9.1 Scheduling Approaches

We begin with the the Knapsack Problem, the cover the First Come First Serve algorithm, the Priority queue, and priority queues with backfilling and aging.

9.1.1 Knapsack Problem

The classic "0/1" Knapsack Problem [92] consists of a knapsack that can hold a capacity of W (weight), a set of items from 1 to N with weights wi to wN

and values vi to vN. The goal is to choose an optimal subset of items with

a weight no greater than W and the highest-possible value. The classic 0/1 Knapsack Problem is NP-Complete [17]. Applying this to EPA-RIMM Bin

formation, the maximum weight, W, can be set to maximum Bin size. The weights are the measurement costs and the values are the Task priorities.

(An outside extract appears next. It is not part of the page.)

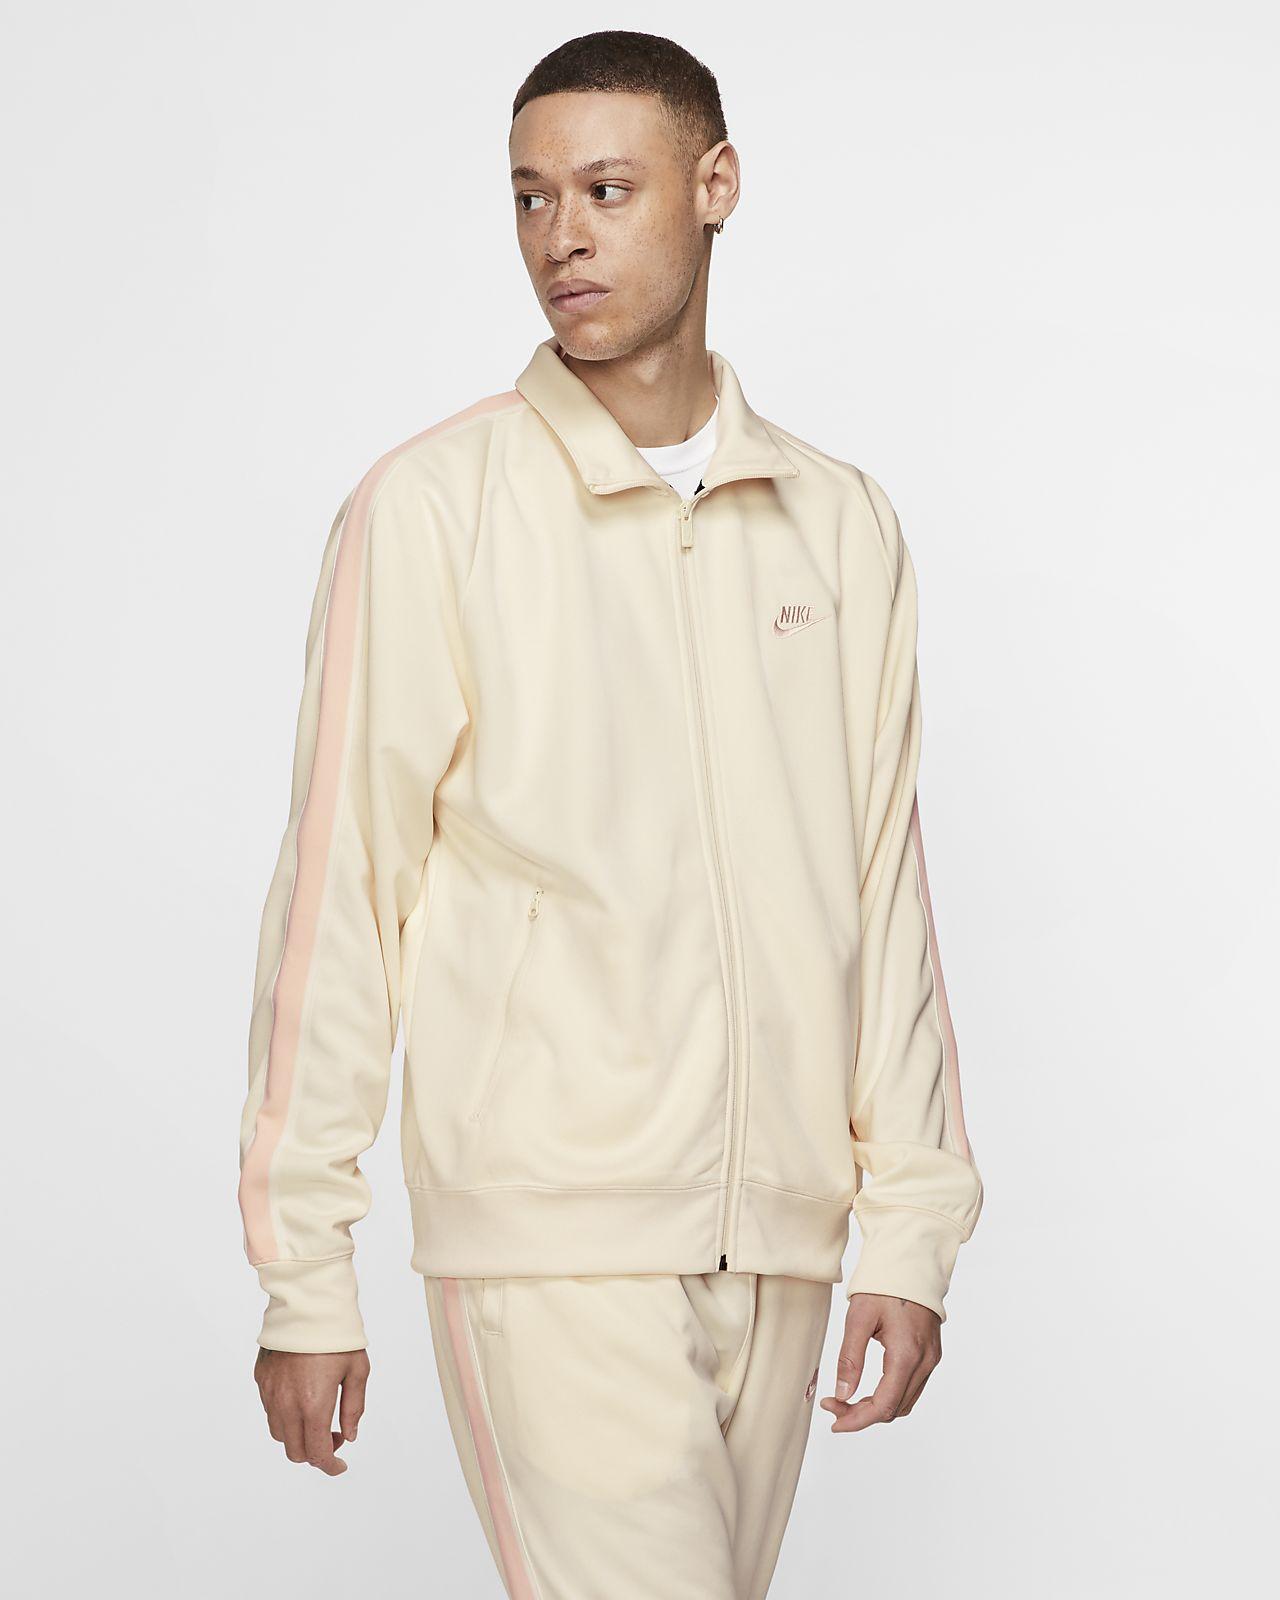 Heritage Jacket Men's Nike Sportswear XPnwkN80O

In contrast, the fractional Knapsack Problem allows dividing items into fractions which could allow better utilization of the available capacity. How- ever, this variant is not applicable to EPA-RIMM as a finite set of hash values is gathered during EPA-RIMM’s provisioning phase and measuring reduced sizes in an attempt to better fill a Bin would result in different hash values that cannot be evaluated.

9.1.2 First Come First Serve

The First Come First Serve ("FCFS") algorithm is a basic algorithm that selects processes based on their order of arrival. Applied to to EPA-RIMM’s Backend Manager, the Backend Manager would add Tasks from newly arrived Checks to the end of the queue and fill the Bins with Tasks from the front of the queue. This approach does not select tasks deeper in the queue to fill a Bin, even if there would be space for them.

For an example, Figure 9.1 begins in Step 1 with five Tasks on the queue, each with a cost of 33µs. In Step 2, Bin 0 is formed with four 33µs Tasks that together consist of 132µs. As the maximum Bin cost is 150µs, this does not allow the remaining 33µs Task to be included in this Bin. In Step 3, a new set of Tasks (cost is 91µs for each Task) arrives on the queue and is placed at the end. In Step 4, Bin 1 is formed with a 33µs and a 91µs Task. Step 5 shows the resulting priority queue after this Bin formation.

The benefits of this approach are that the method is simple to implement and is not prone to starvation due to processing tasks in order of arrival. A key drawback of the approach is that it can result in less optimally-filled Bins due to an inability to consider Tasks after the head of the queue for inclusion in the Bin.